- The Washington Times - Thursday, September 24, 2015

The Obama administration is wasting no time wrapping itself in Pope Francis’s call for dramatic action on climate change, deploying Environmental Protection Agency Administrator Gina McCarthy to the University of Notre Dame Friday to again make the case the U.S. has a “moral obligation” to rein in greenhouse gas emissions.

EPA officials said Ms. McCarthy’s address and subsequent press conference on the campus of the nation’s most well-known Catholic university will center on how the president’s climate action plan will improve public health, lead to cleaner air and result in public health benefits for all Americans.

Ms. McCarthy’s speech — in which she’s expected to defend the EPA’s Clean Power Plan, the first set of federal limits on carbon pollution from power plants — will come 24 hours after Francis spoke to a joint session of Congress and urged the U.S. and the world to protect the planet.

The pontiff and Mr. Obama, while on opposite sides of issues such as abortion and same-sex marriage, have become key allies on climate change and the environment.

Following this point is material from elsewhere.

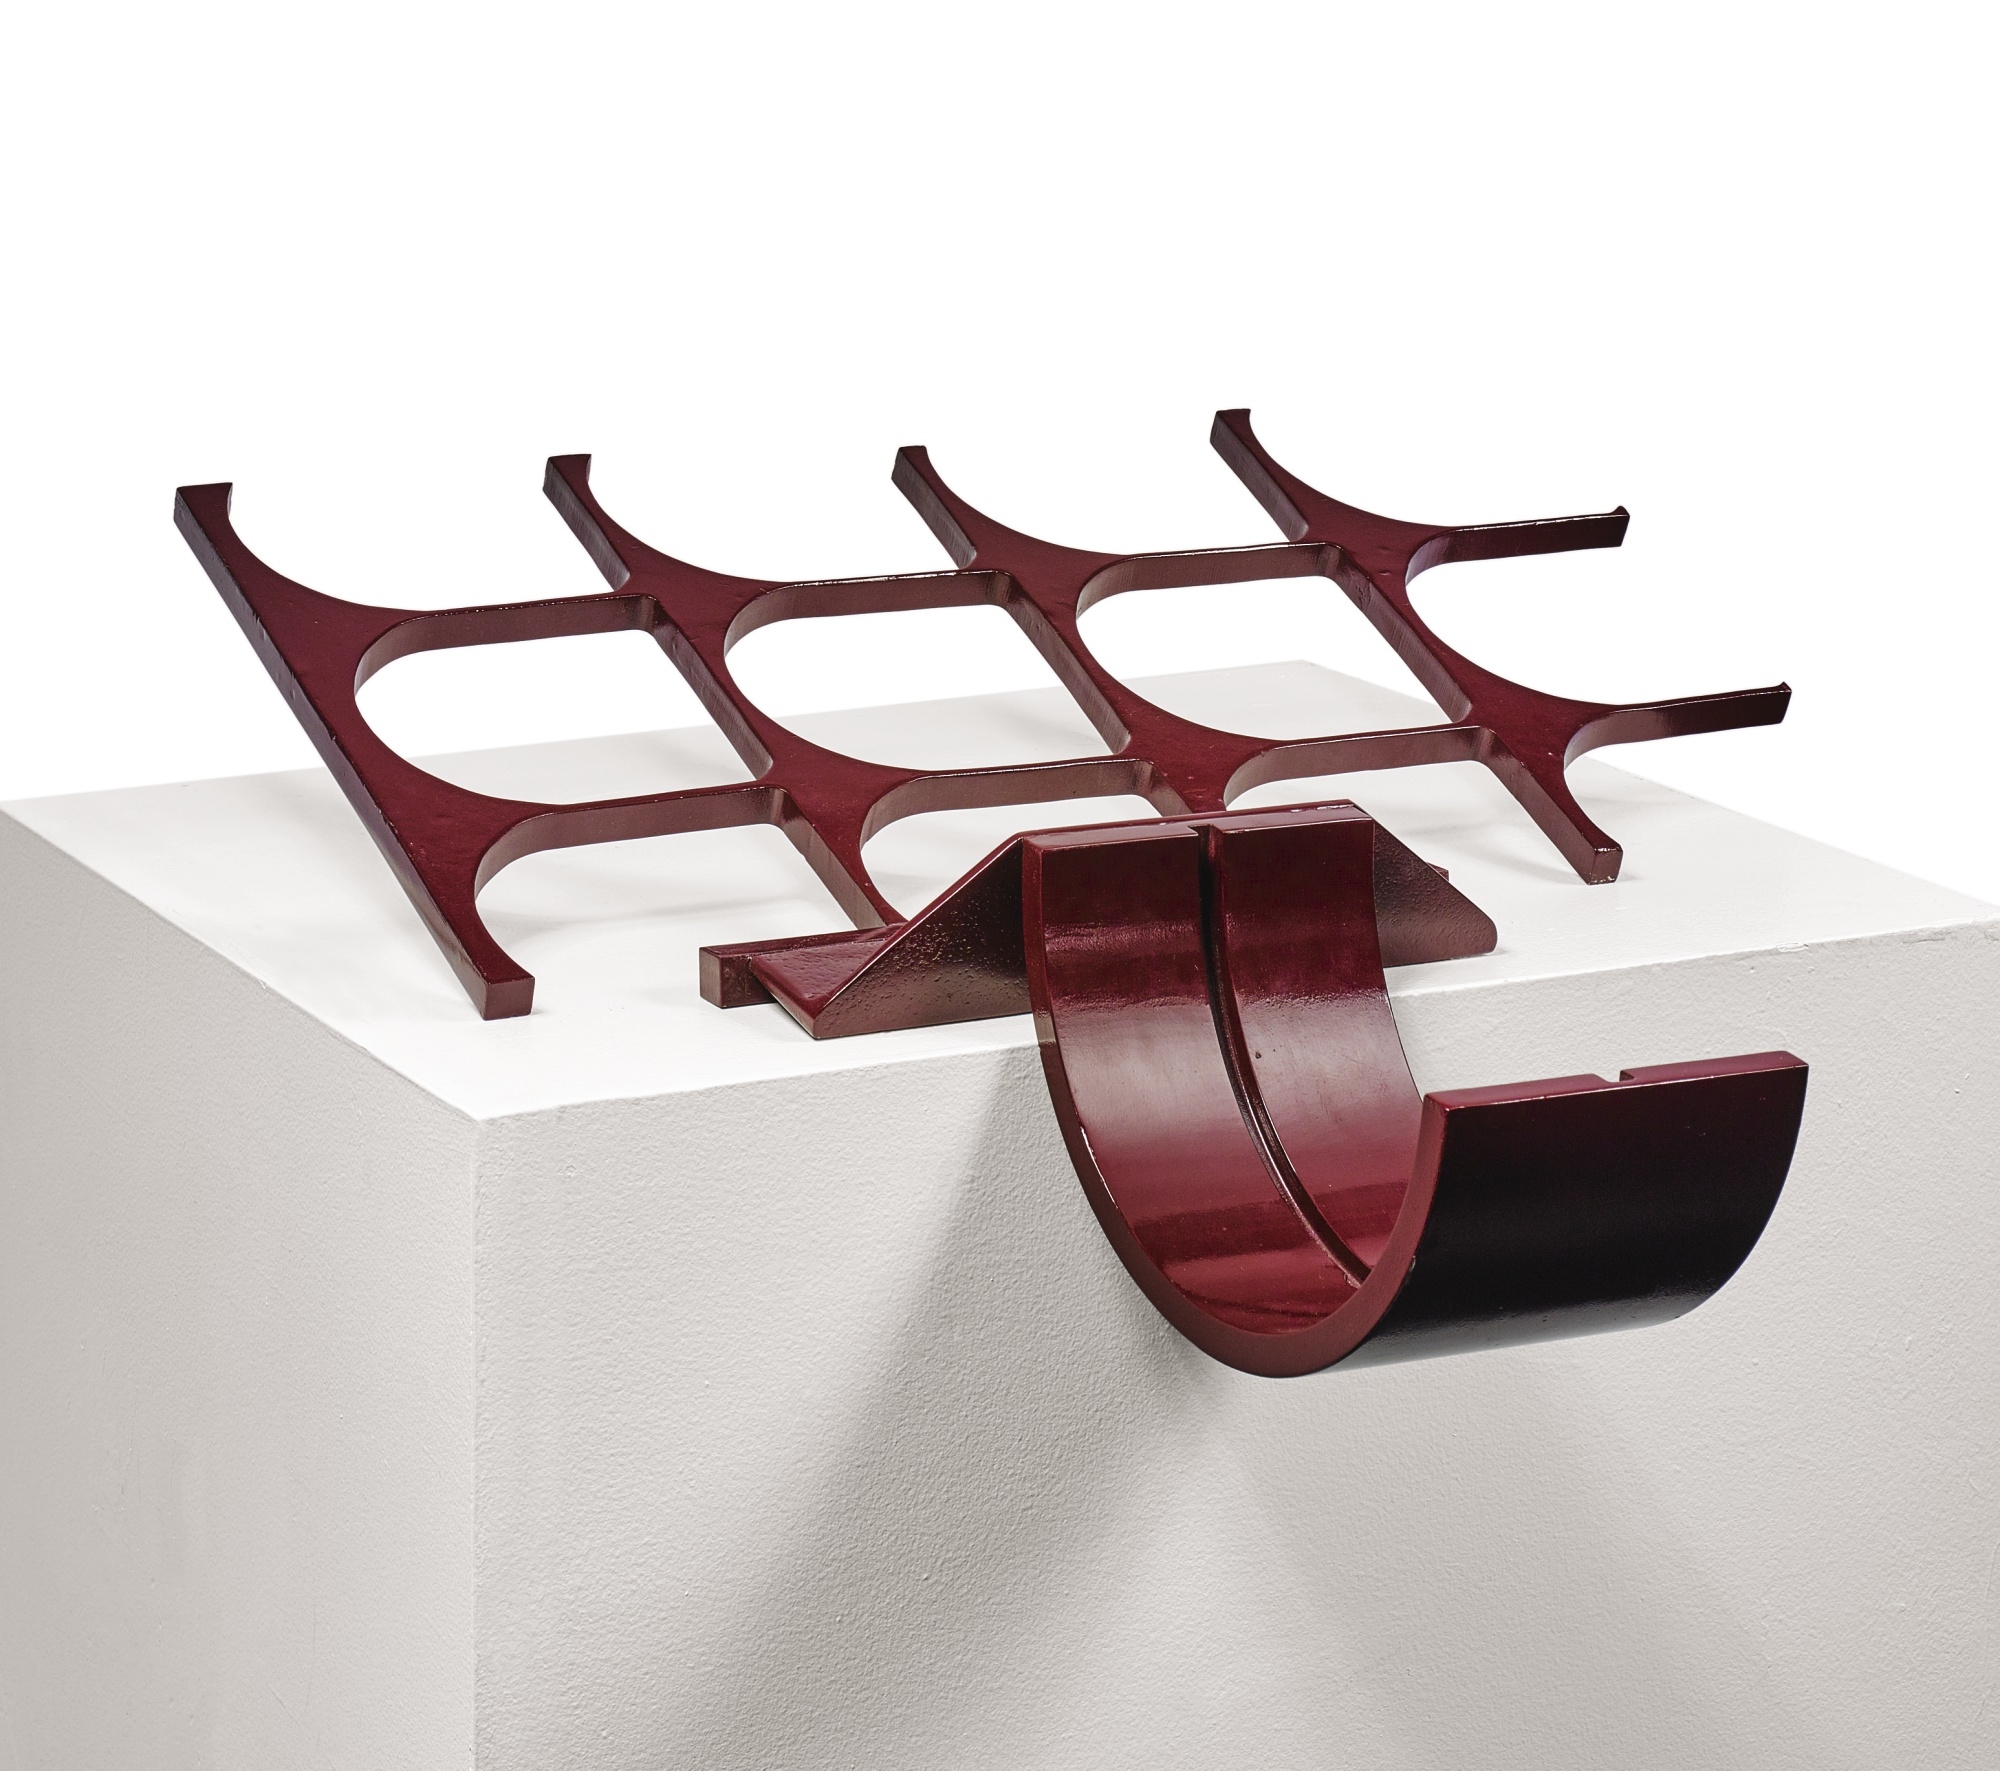 TABLE PIECE LIII by Anthony Caro, 1968

Pope Francis didn’t make global warming a major point in his historic address to lawmakers Thursday, but he did reiterate his belief that the U.S. must play a leading role in confronting the growing problem.

“I am convinced that we can make a difference,” he said, adding that technological advances gave him reason for optimism. “In this regard, I am confident that America’s outstanding academic and research institutions can make a vital contribution in the years ahead.”

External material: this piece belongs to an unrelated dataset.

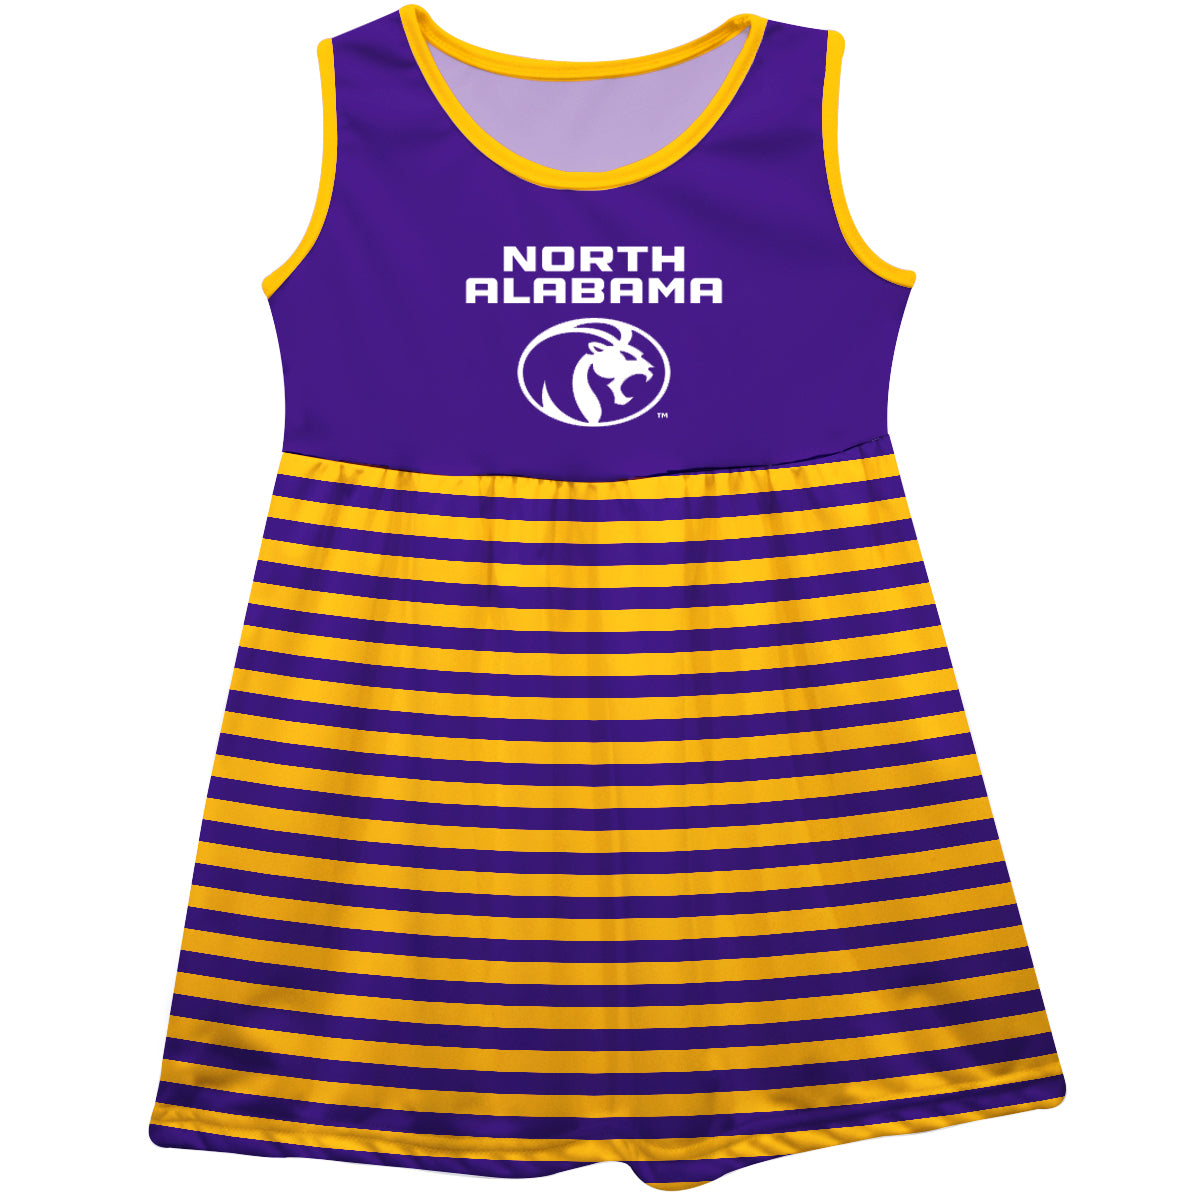 North Alabama Lions Girls Game Day Sleeveless Tank Dress Solid Purple Logo Stripes on Skirt by Vive La Fete

At the White House Wednesday, the pontiff essentially endorsed the Clean Power Plan, and this past summer, he released a lengthy encyclical citing the damage humans are doing to the plane and calling on all governments to take similar steps to reduce harmful emissions.

The EPA did not respond to requests for comment Thursday on whether Ms. McCarthy’s speech was scheduled to coincide with the pontiff’s first U.S. visit and his accompanying climate-change message.

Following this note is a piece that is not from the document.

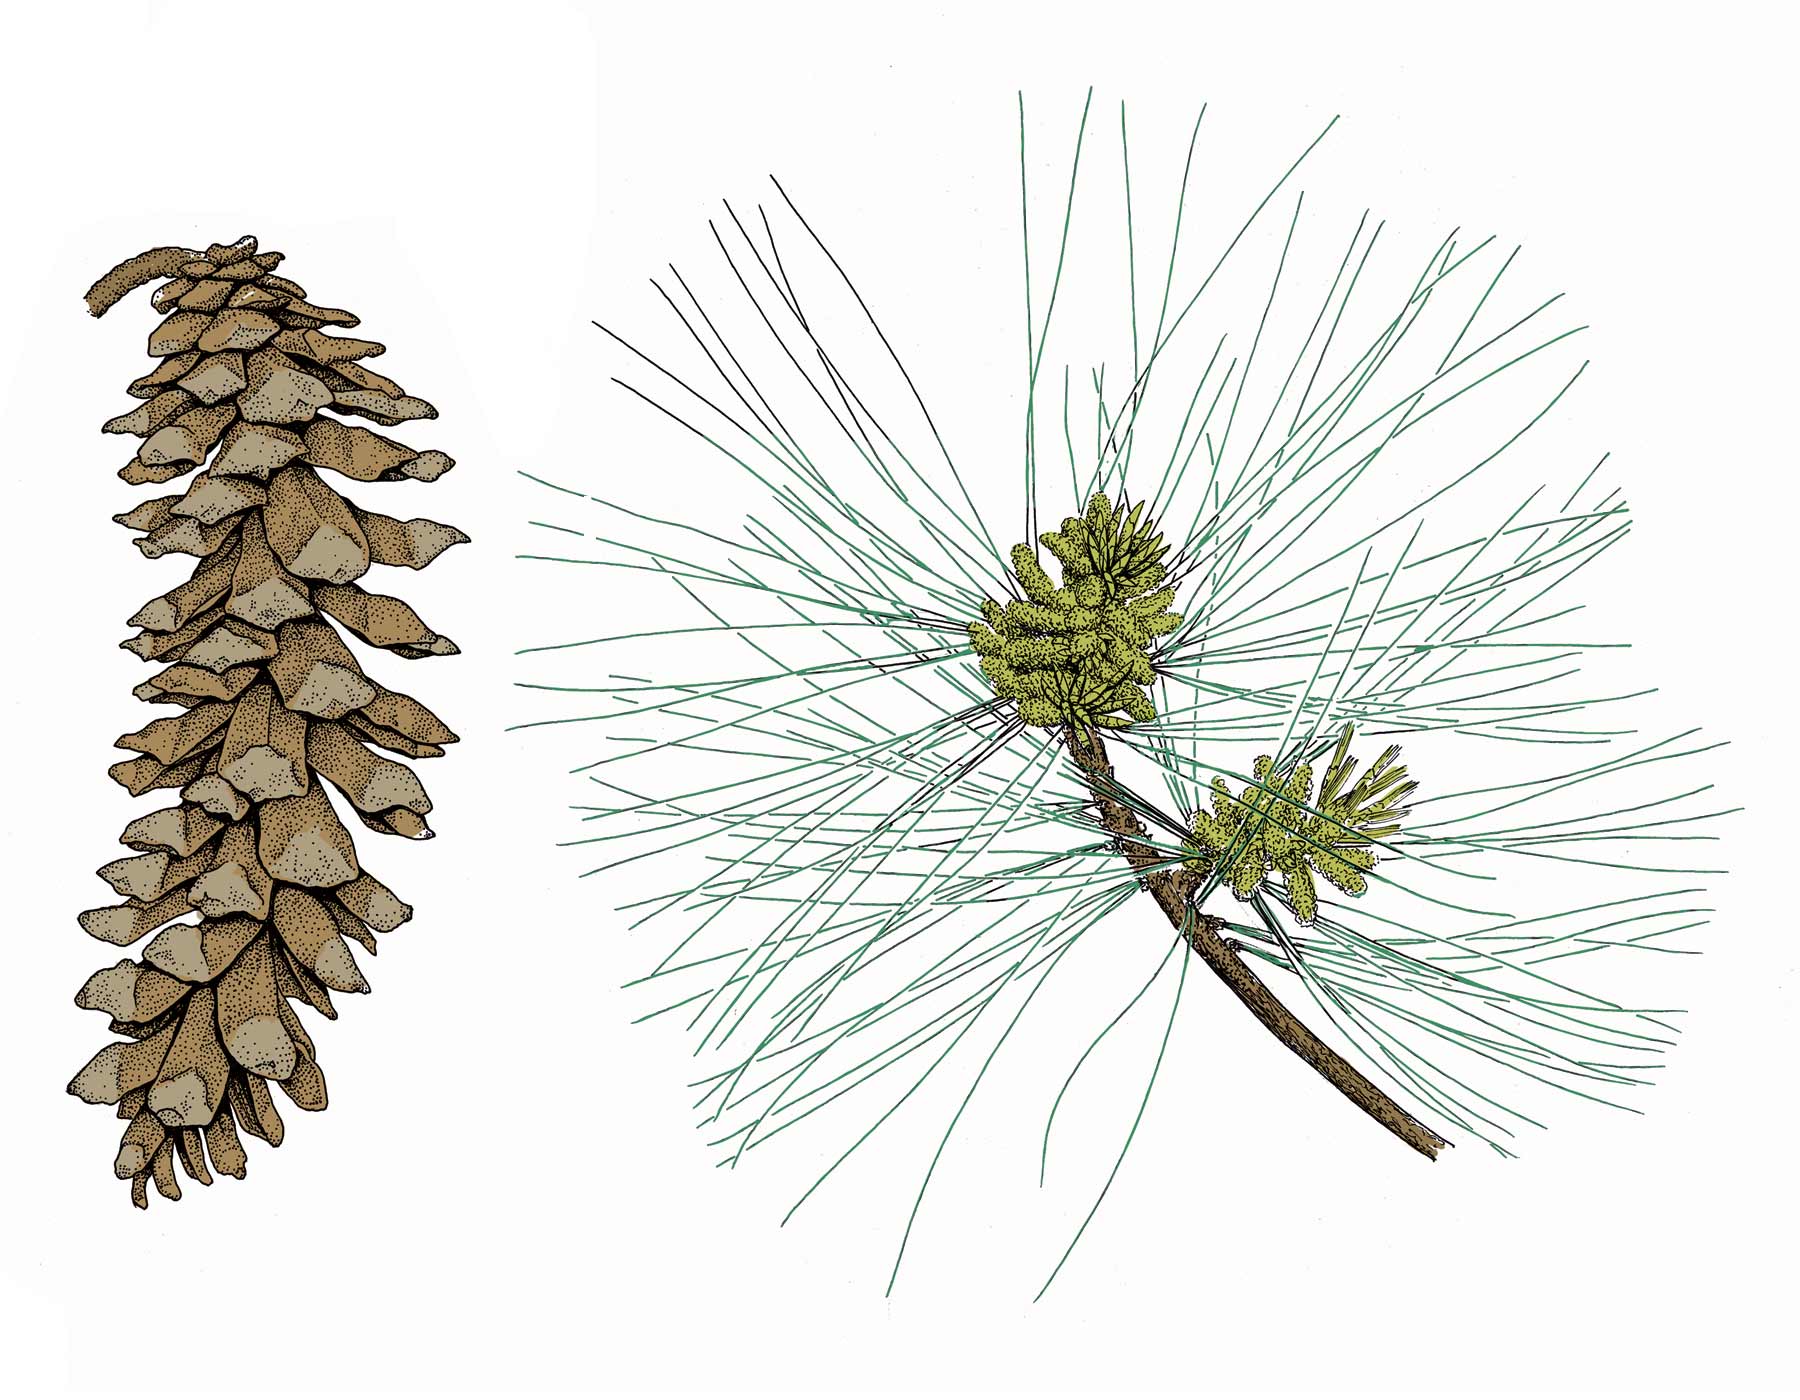 Eastern White Pine | MDC Discover Nature

While Pope Francis called for unity Thursday, the issue of climate change has divided Catholics, with many Republicans rejecting the pope’s positions on global warming and urging him to refrain from entering into hot-button political debates.

Specialists say it’s no surprise that the president and his allies on Capitol Hill would seek to cash on Pope Francis’s comments and use them to justify their highly controversial climate policies.

“If there’s one thing we know about the climate change mafia, if you will, it is that they are first and foremost interested in public relations,” said Dan Kish, senior vice president for policy at the conservative Institute for Energy Research. “The fact that the pope has taken … the position he has taken on this provides them an opportunity to rub that in further for public consumption.”

For their part, many Republicans avoided criticizing Pope Francis directly while he’s on U.S. soil and instead praised the pontiff’s general message and redirecting their fire at the White House.

“As the pope stated in his address, Congress has an important role to play in how the United States cares for our environment,” said Sen. James Inhofe, Oklahoma Republican and chairman of the Senate Environment and Public Works Committee. “Unfortunately, President Obama has taken a different approach during his time in office. He instead has worked for the past seven years to cut Congress out of environmental policy by way of regulatory overreach with his so-called Clean Power Plan.”

A C-SPAN feed of the papal address in the House chamber showed Mr. Inhofe listening without expression as the pontiff read his remarks in sometimes halting English on the environment.

Federal data have shown the Clean Power Plan will drive up electricity rates for most Americans.

The proposal requires states to come up with their own plans to dramatically cut carbon emissions over the next five years. The agency admits that coal’s share of U.S. power generation will drop significantly as a result of the plan.